Parkinson's UK is partnering with US company Neurolixis to accelerate the development of a promising new drug that could prevent dyskinesia, one of the most debilitating side effects of Parkinson's medication.
Caused by years of taking levodopa - the main medication for Parkinson's - dyskinesia is uncontrolled movements, including twitches, jerks, twisting and writhing movements.
Around half of all people with Parkinson's will experience it after just 5 years of taking levodopa, and up to 80% of people will experience it after 10 years.
The charity is now providing funding of more than £780,000 for Neurolixis to carry out the final research needed before the drug, NLX-112, can progress to human clinical trials.
"Two thirds of people with Parkinson's have told us that dyskinesia is one of the most critical issues that impacts quality of life," said Dr Arthur Roach, Director of Research at Parkinson's UK.
"Using our Virtual Biotech model, we hope to be able to deliver a potential treatment that will help address this problem as quickly as possible."
Dr Mark Varney, Co-founder, President and Chief Executive Officer at Neurolixis added: "We greatly appreciate Parkinson's UK supporting this program. This grant will now enable us to move the NLX-112 program through the necessary regulatory steps in preparation for clinical trials in Parkinson's patients."

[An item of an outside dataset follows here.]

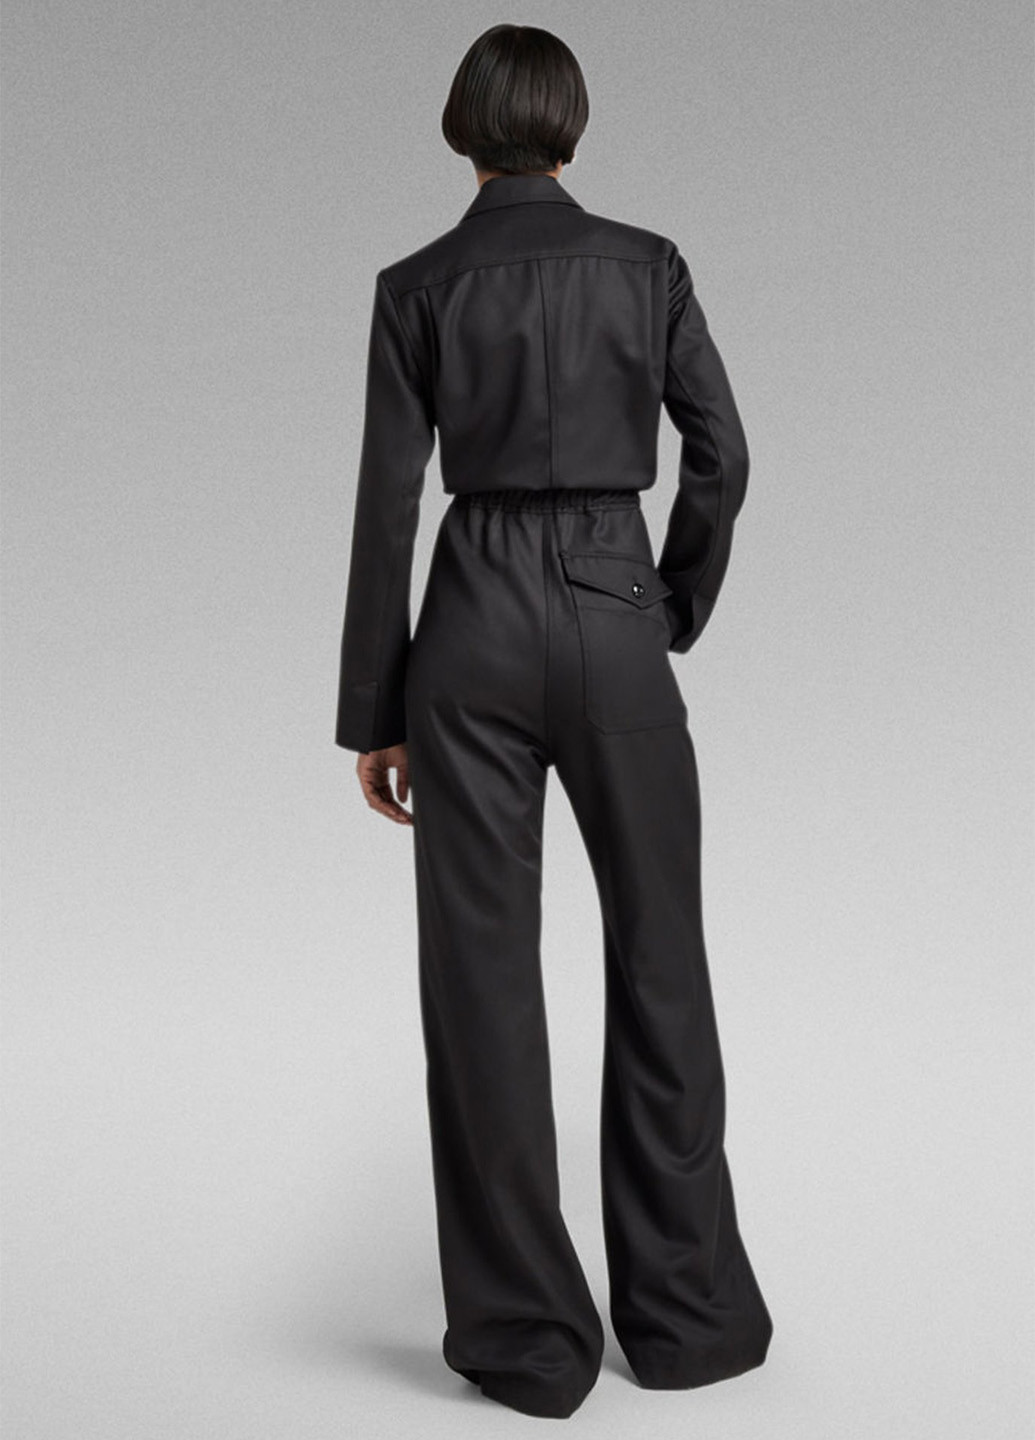 Комбинезон G-Star Raw комбинезон-брюки однотонный чёрный кэжуал шерсть, полиэстер

Fast tracking better treatments
This project is the second to be funded by Parkinson's UK's Virtual Biotech initiative.
Launched last year to combat lost opportunities in drug discovery and early clinical development, the Virtual Biotech allows the charity to work with a range of other organisations and provide critical funding to push forward promising new treatment options and develop better treatments for Parkinson's faster. Find out more about the Virtual Biotech.
About the drug
NLX-112 was previously discovered and developed by French pharma company, Pierre Fabre Médicament, as a potential treatment for pain. After reaching phase 2 clinical trials, it was out-licensed to Neurolixis, which identified an opportunity to repurpose the drug to treat levodopa-induced dyskinesia.
"Because this drug has already reached phase 2 clinical trials in the past, we already know a lot about its safety. This means that, should this last stage of pre-clinical testing go well, it can progress directly to phase 2 clinical trials," said Dr Roach.
"If it succeeds in these trials, we could be seeing a new treatment for people with Parkinson's within as little as 5 years."
This project will carry out vital late stage research required before NLX-112 can move forward into clinical trials, including drug formulation, preparation of clinical trial materials and safety and efficacy testing in a marmoset model of Parkinson's.